The priory was founded in 1216 for a very small community of canons. These were ordamed priests who lived according to the rule of St Augustines. An important function of canons was to serve as parish priests for nearby churches and therefore they played a part in local life outside the priory. This is in contrast to the desire for complete seclusion required by many other monastic orders.
They owned large areas or farmland in Norfolk and Suffolk which provided most of their income through rents. Land near the monastery was probably managed directly by the monks Within the monastic precinct there were agricultural buildings and probably a smithy, a brewery, a guest-house, a wash-house, latrines and other buildings necessary for the running what might be described as a business enterprise with a substantial workforce.
By 1540 all the monastic houses in Britain had been closed by King Henry VIII. The abandoned churches were stripped of all valuables and in many cases they served as a source of building materials. Despite the removal of most of its cut stone corners this church survived intact because it was converted into farm buildings.

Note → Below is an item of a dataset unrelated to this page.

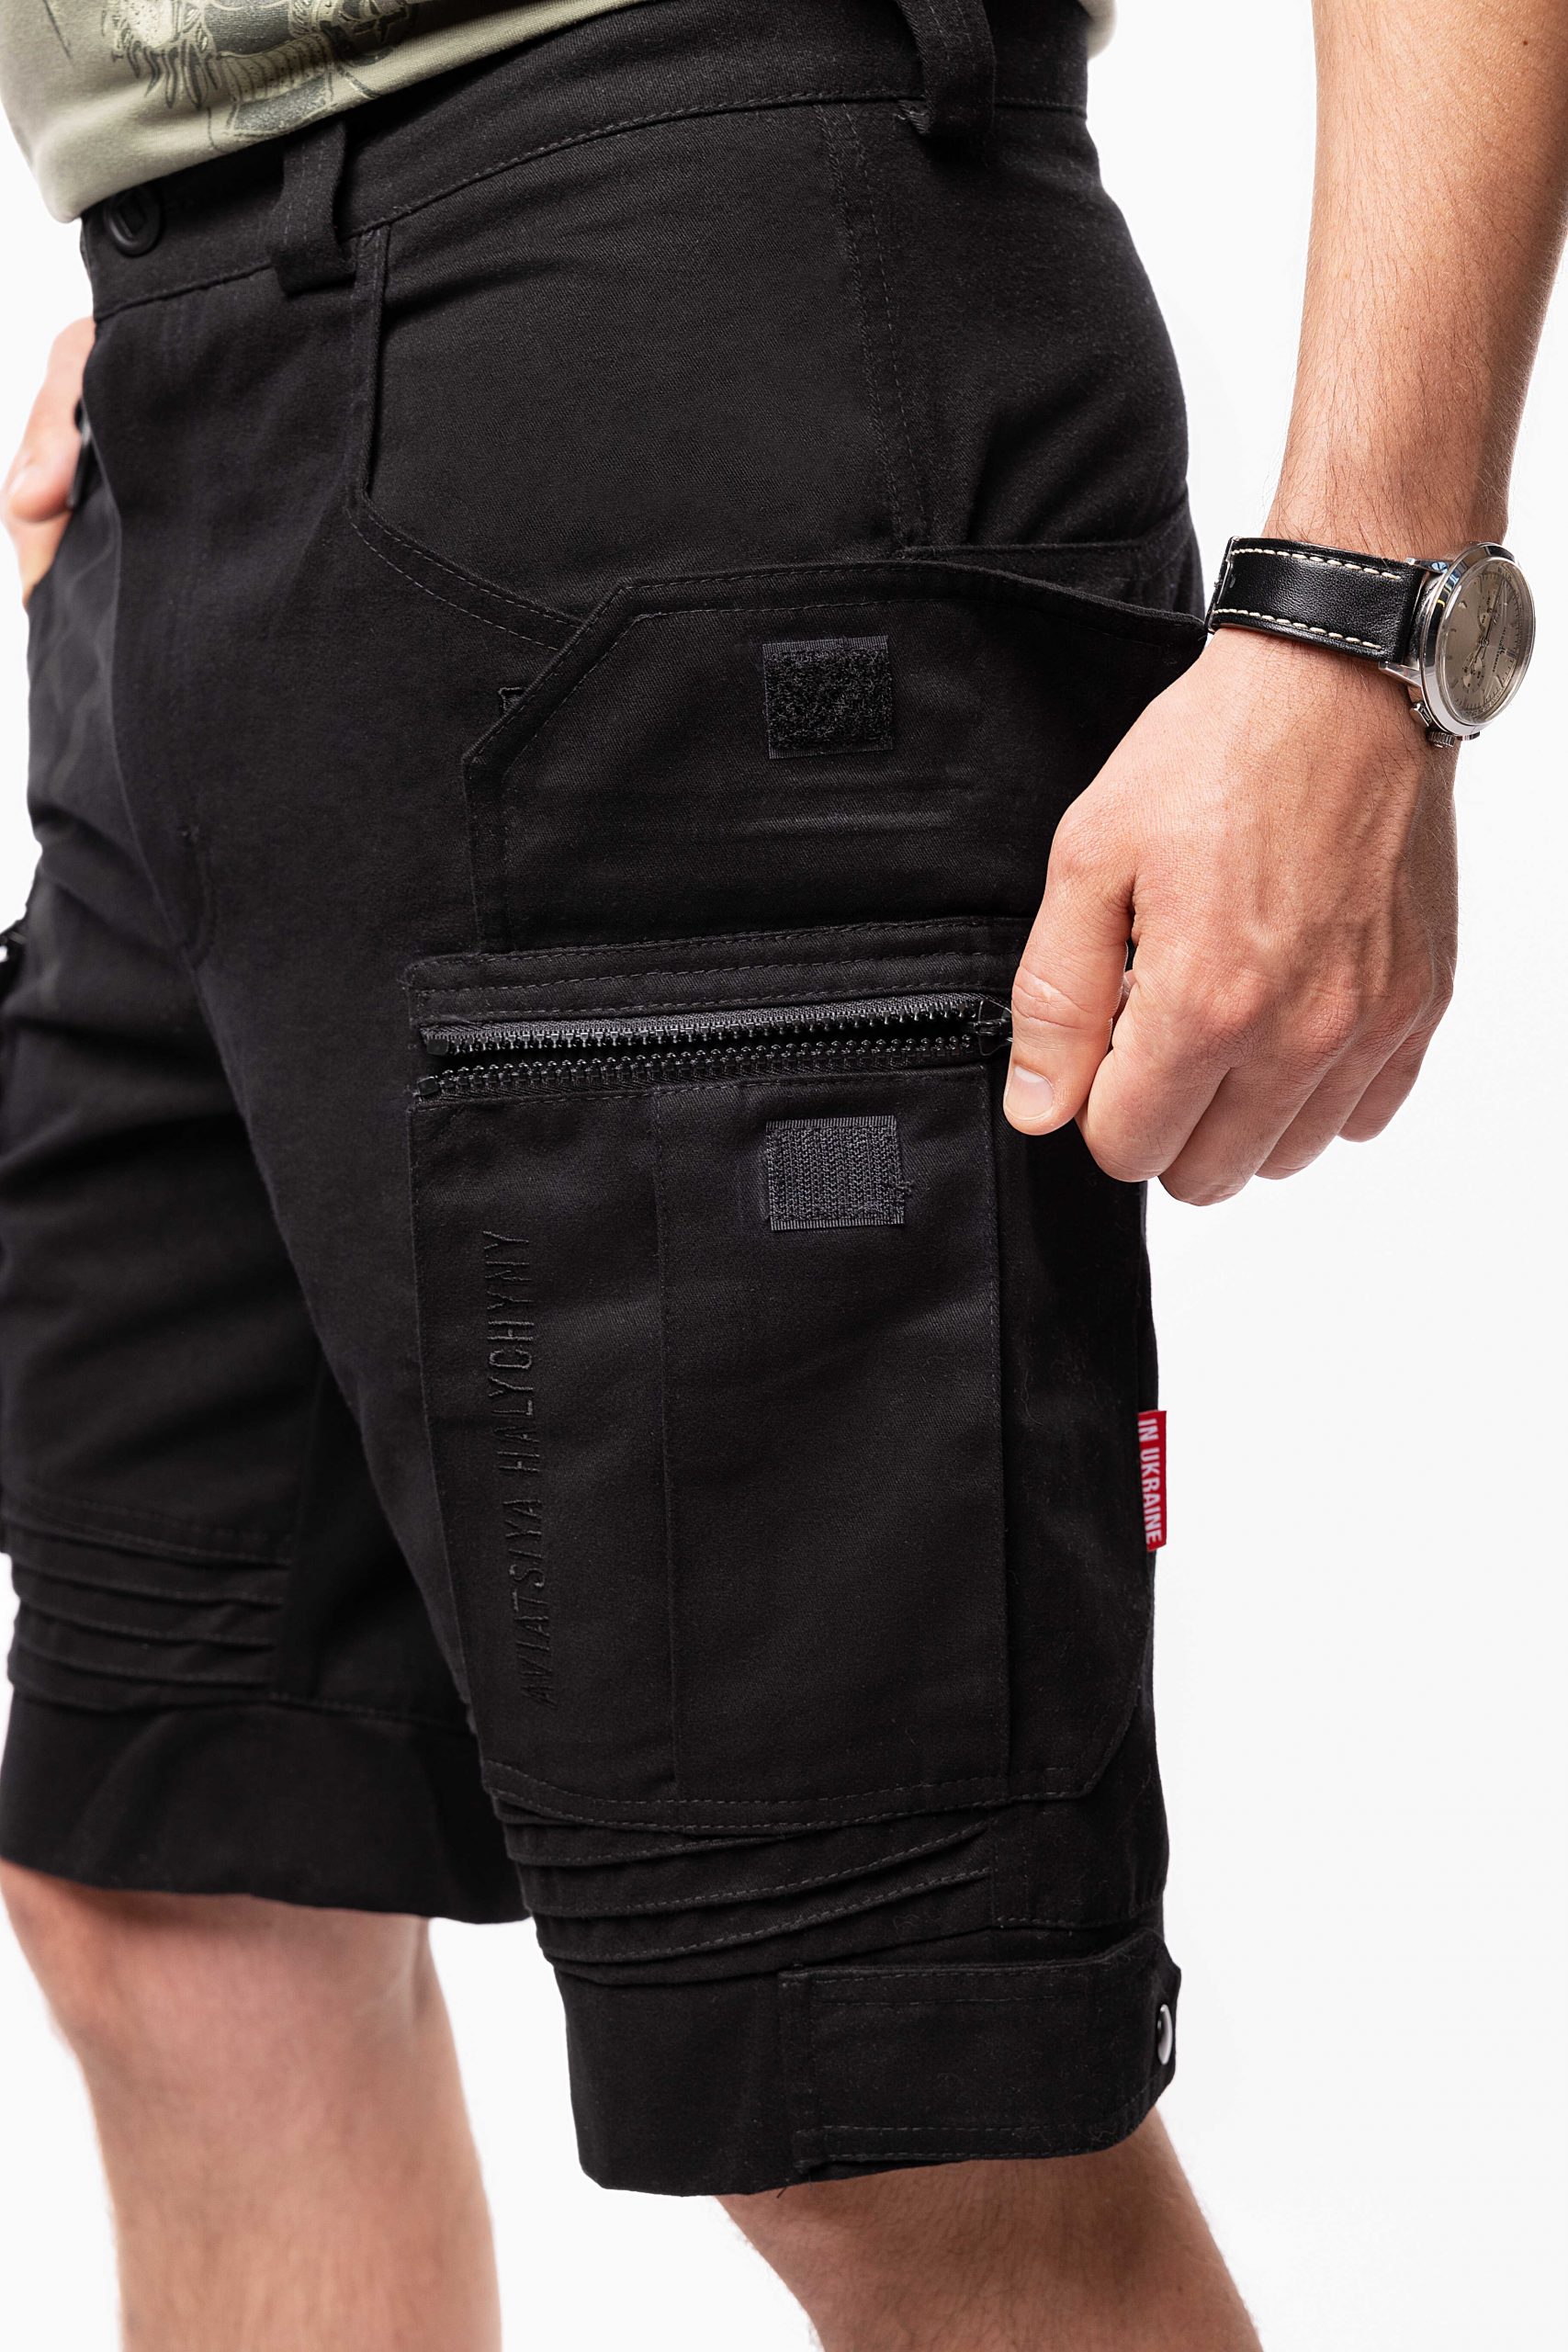 Men's Shorts Flyer. Color black. 7.

The farmhouse, which is now privately owned, was probably the house of the Prior in charge of monastic life here.
The ponds to the north and east were created to provide fresh water and fish for the monks.
The Priory is owned by the Norfolk Historic Buildings Trust. It is in the guardianship of Norfolk County Council who undertook the repairs during 1986-90 with financial assistance from English Heritage.
The Priory is publicly accessible via two restricted byways. The safest access is from Beeston Common Rd.